What problem do you have in mind here?
I thought that the previous problem was mostly psychological, i.e. that if humans were rational agents then this AI would be roughly as vulnerable to blackmail as its designers. So I thought the issue was the psychological strangeness (and great length) of the weird hypothetical.
Here we have no such hypothetical, and the system’s behavior only depends on the predicted behavior of humans in the real world. That seems to address the narrow version of your concern.
I can see two analogous problems:
The learning system may believe itself to be in a simulation, as discussed here. But that seems to cash out to a straightforward technical problem: we want to ensure that as long as there is some important scenario where the AI behaves strangely, we provide feedback on one such scenario. And this technical problem both (1) looks like it should be soluble in principle, (2) looks pretty tractable right now, and (3) is needed to resolve a whole host of other problems (a bunch of exotic failures, but also a bunch of more prosaic difficulties).
The behavior of the system depends on what a human would do across many cases.
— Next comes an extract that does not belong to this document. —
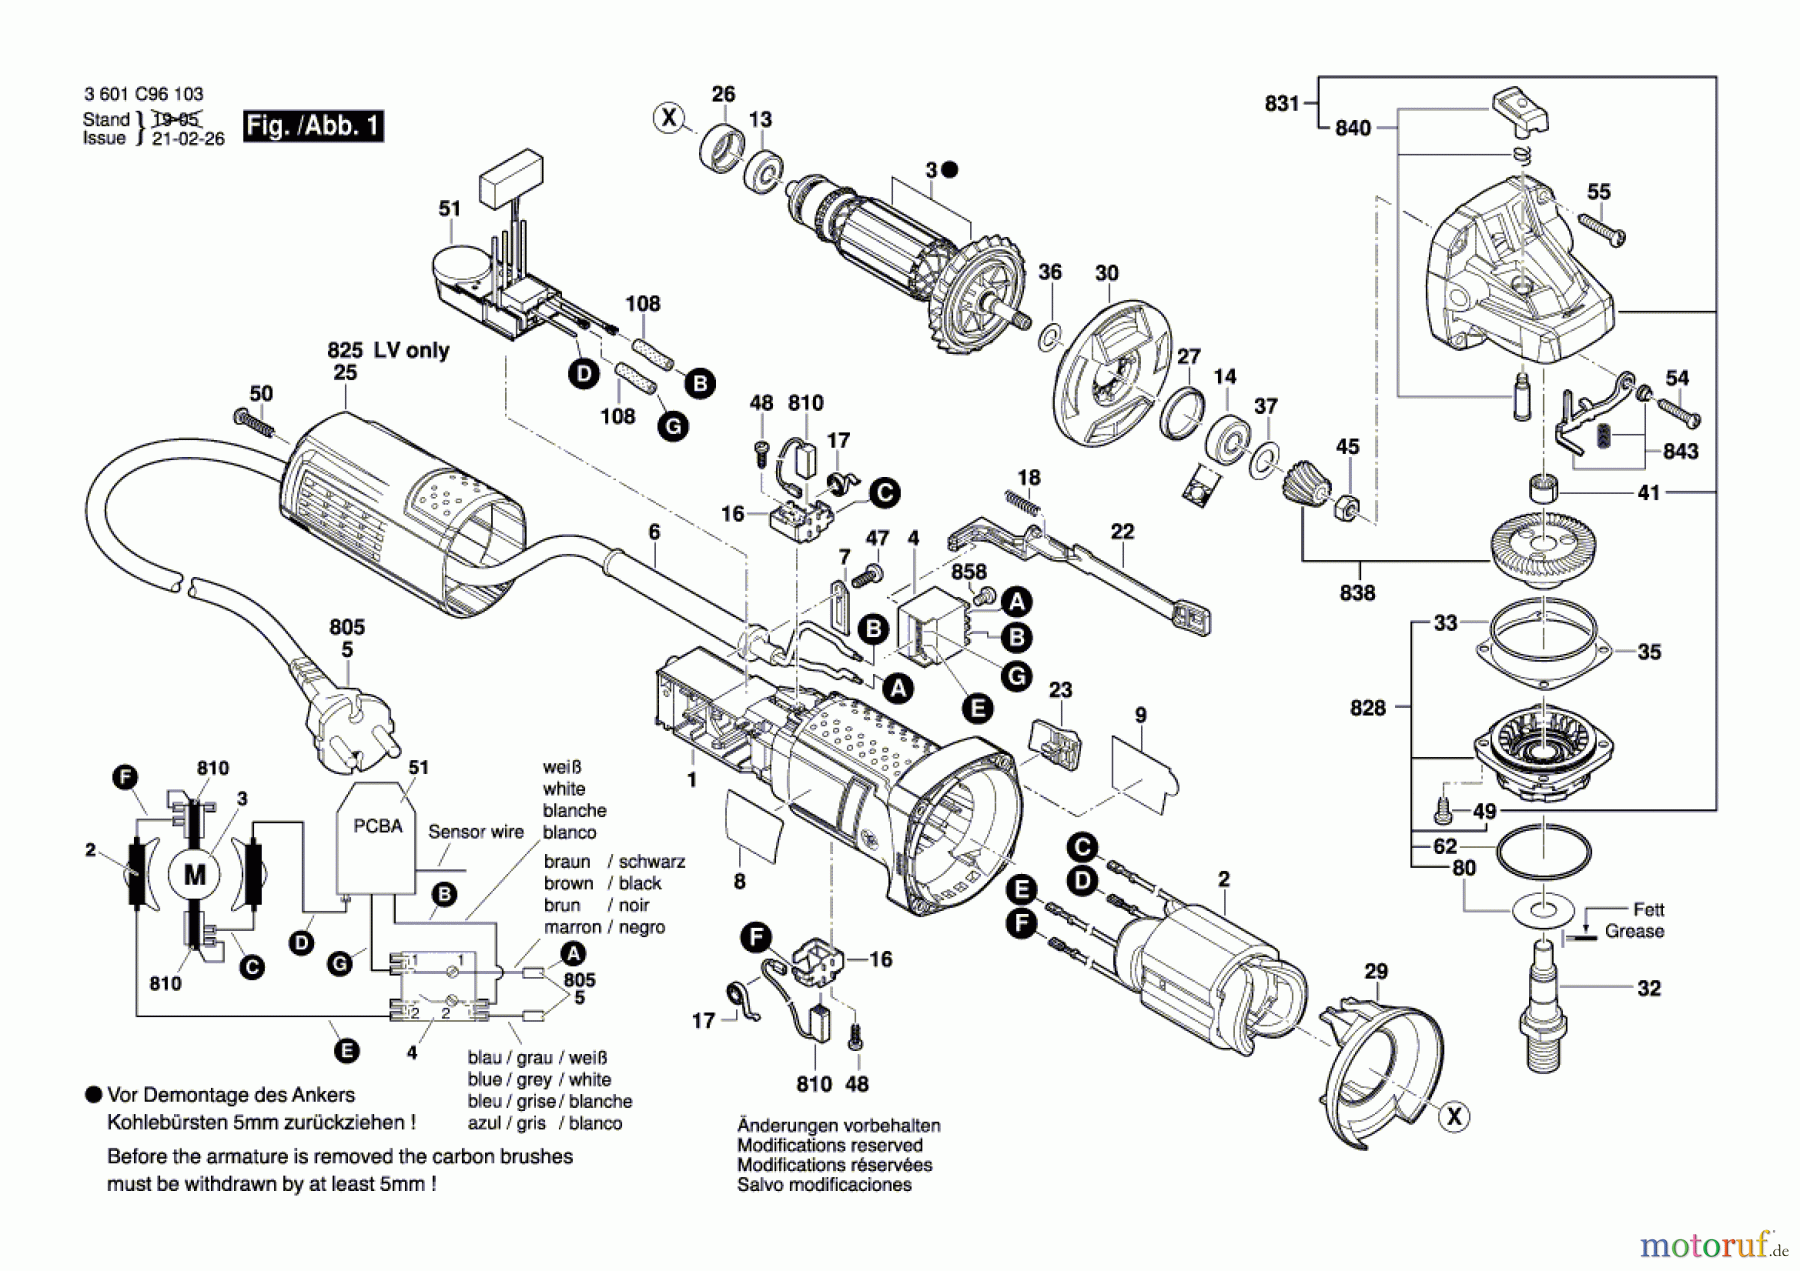  Bosch Werkzeug Winkelschleifer GWS 9-115 S Seite 1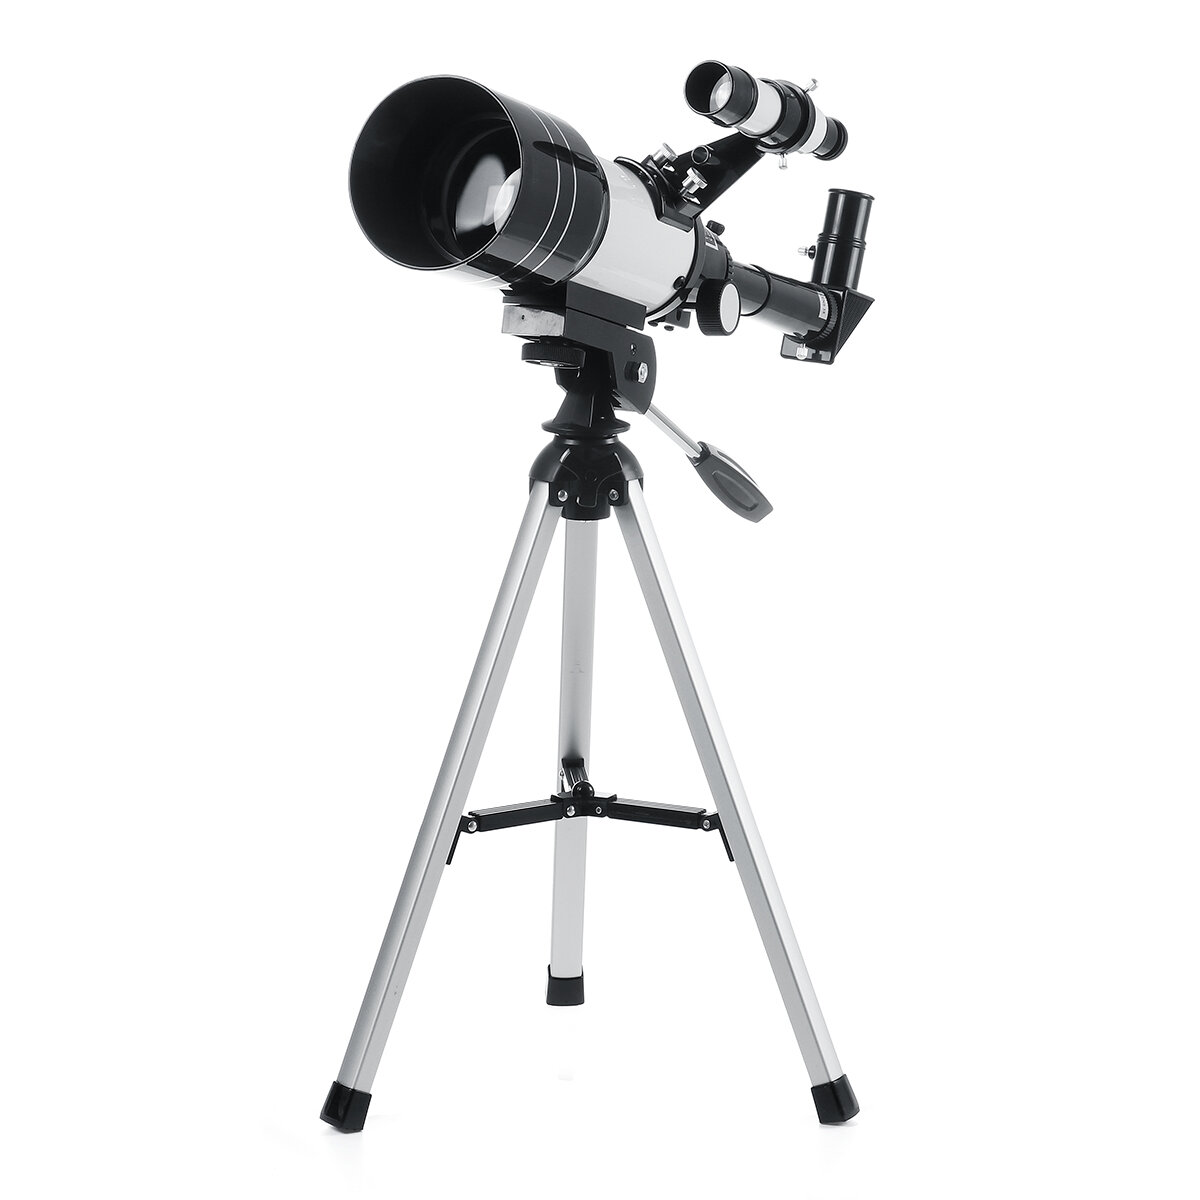 150x70mm Astronomik Teleskop, HD Görüntüleme ile Uzay ve Ay'ı İzleme, Açık Hava ve Ev Kullanımı için İdeal.

We can sample from these cases at random, but maybe a small fraction of them are sufficiently surprising that they would lead a human to believe they are in a simulation. We would like to sample these situations with disproportionate probability as well so that the human can won’t panic when they find themselves in one, but I haven’t talked in any detail about how to do that and it’s not obvious whether it is possible. (I do think it’s possible.)
Did you have in mind 1, 2, or something else?
I mostly had in mind 2. Not sure how predicting humans is different from putting humans in hypotheticals. It seems like the same problems could happen.
I agree that the same problem appears for ALBA. I was originally working with proposals where the improbability of the human’s situation was bounded, but the recursive structure can lead to arbitrarily large improbability. I hadn’t thought about this explicitly.
Predicting humans is different from putting humans in hypotheticals, in the sense that in principle you can actually sample from the situations that cause humans to think they are in a simulation or whatever.
For example, suppose the human had access to a button that said “This is weird, I’m probably in a simulation,” and suppose that we expected the human to press it in any case where they would start behaving weirdly. Then we could potentially sample from the subset of situations where the human presses the button. And if we manage to do that, then the human isn’t right to suspect they are in a simulation (any more than they already should believe they are in a simulation, prior to even building the AI).
I agree that you shouldn’t expect the current version of the scheme to cope with this problem. And it’s certainly not obvious that the approach sketched above can work, there are many important questions. But I do think that there is a clear path to fixing this kind of problem.
(Interestingly, this is exactly analogous to what the active learning scheme has to do, in order to get the prediction algorithms to predict well.)
ETA: although I hadn’t thought about this explicitly in the context of ALBA, I have expected to need some way to overweight “weird” situations in order to stop them from being problematic, ever since here.